As the last broad sheet fell away like thick parchment hide, he staggered back from what it eventually revealed: a long mummified corpse shoved into a cavity cut into the lath and dry wall.

(37) Whatever it was that was prowling around outside the Elk Lodge must have heard them because the heavy oak door reverberated under a volley of heavy sledgehammer-like blows. As the molding around the door splintered and cracks formed in the drywall, the pounding suddenly stopped and then the club members heard a loud snuffling noise at the bottom crack of the door.

(38) “Hhhmmm... interesting,” said Tris, flipping through the yellowed pages. “Always wondered how they got the brain out...Whaa?....Aruughhh!”

(39) She slammed the cover down and stuffed the book back into the shelf, for it was at that moment a hand, that was just parchment skin and bone, came groping out of the illustration.

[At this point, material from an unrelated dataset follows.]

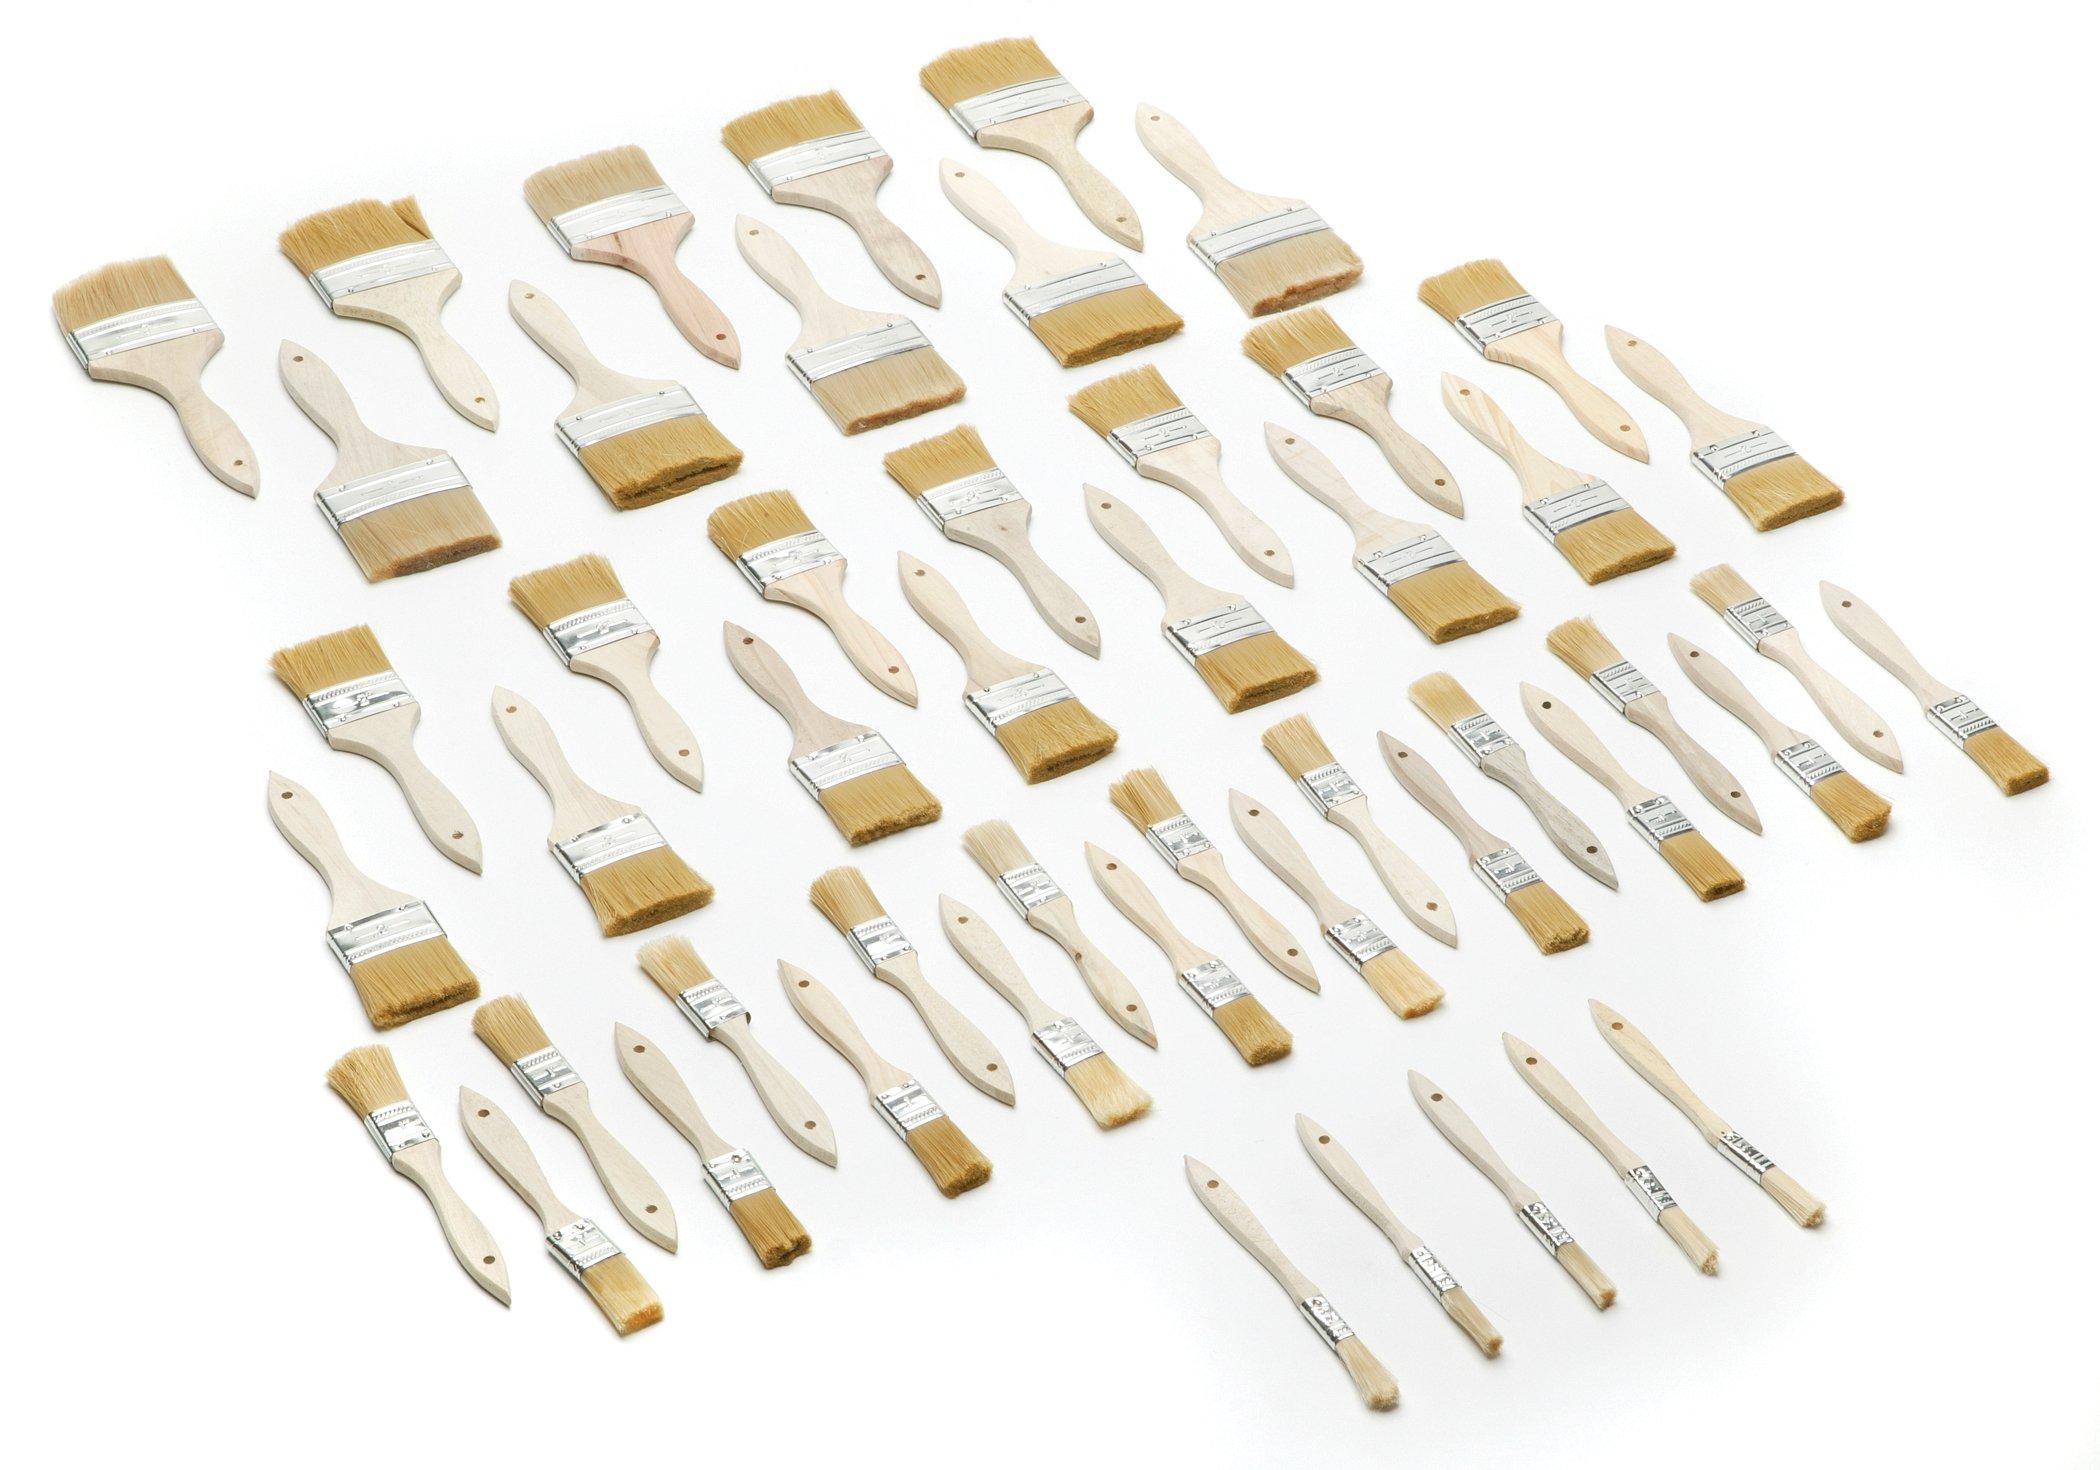 Woodstock D2025 Synthetic Bristle Brush Set, 50-Piece

"Well," Tris managed, shuddering at the lingering vision that left an acrid taste in her mouth.

(40) Panting heavily, the pudgy weeb girl blundered through the tall spiny grass, turning back only once before stumbling and running again, frightened and desperate to keep out of swipe range of those raptor-like claws.

(41) Mr. Sims went down to the supply bunker to search for an extra protective suit and mask. Man, this blows, he thought ruefully, the last time I went out for a replacement, it was for a water purifier... then my idiot friends locked me out.

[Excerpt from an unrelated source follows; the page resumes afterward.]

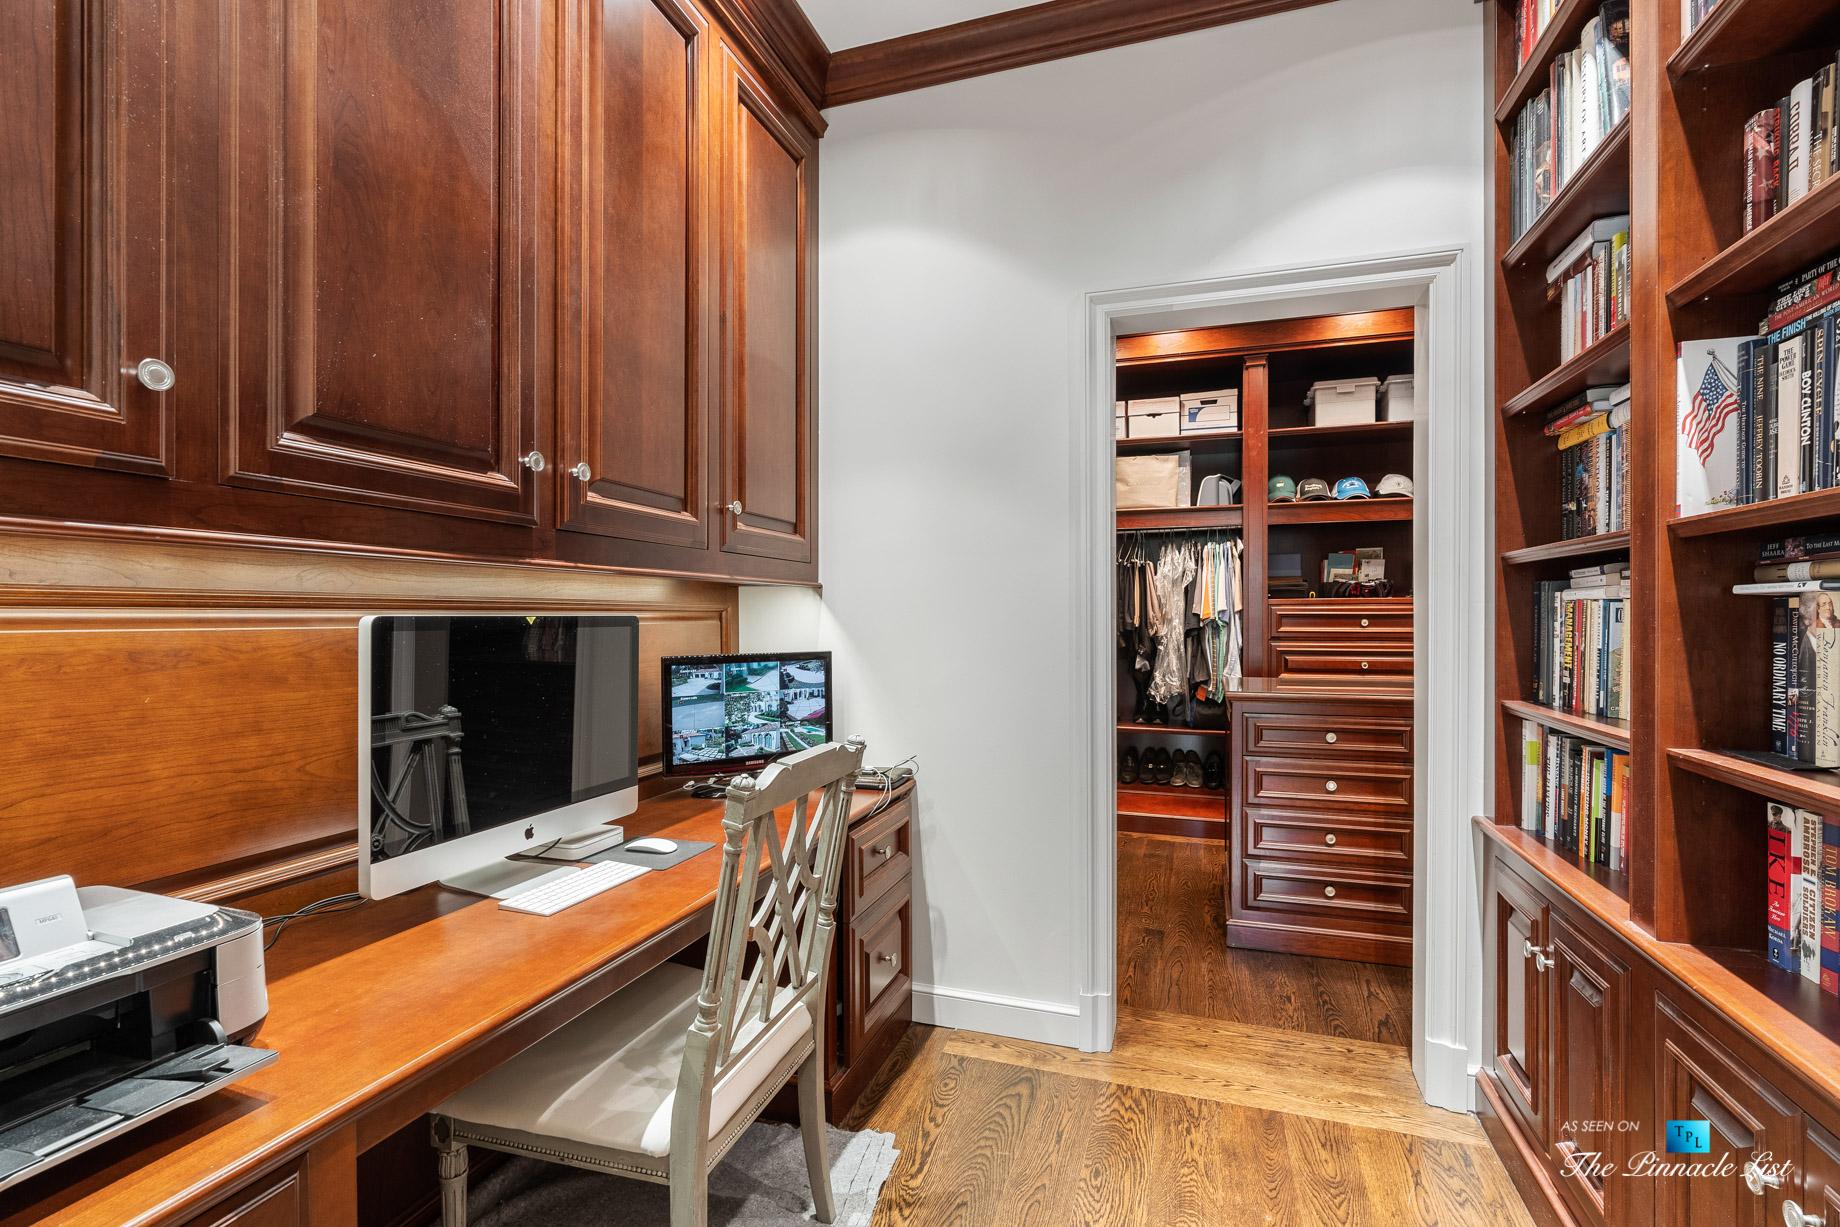 439 Blackland Rd NW, Atlanta, GA, USA – Private Computer Room – Luxury Real Estate – Tuxedo Park Mediterranean Mansion Home

(42) She stared into the pool; the deep turquoise water looked cool and inviting.

The sound of heavy sloshing stopped her thoughts of contemplation and she froze in place as a huge sinuous mass slid snake-like round a passing crow before quickly submerging.

(43) The three fourth-graders crinkled their noses, trying not to retch, wondering what would make the room smell like burnt hair and days-old carrion.

(44) It was Sunday, and there shouldn't have been a letter in the mailbox, but there was. Arty abruptly stepped back, a cold sheen of sweat on his brow.

(45) The massive ornate door swung slowly open, revealing a brightly lit hallway. For a moment, Ben looked down the looking passage that lay before him, and then stepping confidently over the threshold, he was immediately engulfed by the slender, pointed tentacles masquerading as shag carpeting.

(46) A few years ago I had one fall off my basement ceiling onto my neck where it stung me really bad. For some reason I have a creepy feeling that there’s a much larger one lurking in the crawlspace behind my closet and it’s also responsible for the dwindling rodent population...not sure which side I'm rooting for though.

(47) “My grandma’s got a wandering spirit,” I explained while keeping a straight face. “Sometimes it hangs around at the nearby park or in the tavern down the street, but like a cat, it always comes back whenever it hears the dinner bell.”

(48) At last we came to the campground at the end of the Coast Road where we spent the night in a little vacation cabin surrounded by oaks and sycamores. We didn’t get much sleep though for our dog lay near the bedroom door and snarled all night long, terrified of the noises of heavy rustling and the rank odor of decay.

(49) When the hard rain began to fall, Dylan pulled his leather hat down to protect his face and neck. That was when he found himself knee-deep in yelping ember-eyed hounds.

“This is cowflubdubbery crazy!” Pierard squawked. “Nothing here but a bunch of a bunch of half-baked story ideas left to rot!”

And just then, his eyes landed on the final line of barely legible handwriting.

(50) The first thing that caught his eye upon opening the trunk was a medium size book of dark tropical wood and opening it, found inside a shriveled monkey mummy, which some person had cleverly fastened to the tail of a large perch, making a most unpleasant-looking mermaid. As he scrutinized the paper sticker on its underside, which read Souvenir of Bombay 1910, the monkey-fish turned its head with a dry crick, its shriveled lips curling back, revealing its needle-sharp teeth.

Feathers rising up on his neck and head, Pierard gaped at the final word. “What the...? How did...? But that just happened... except for the part where the ugly ole thing came to life.”

Just then he heard a creak not unlike that of the slow cracking of dried leather or dead twigs. Turning slowly around, he was met with a pair of burning blood-red eyes.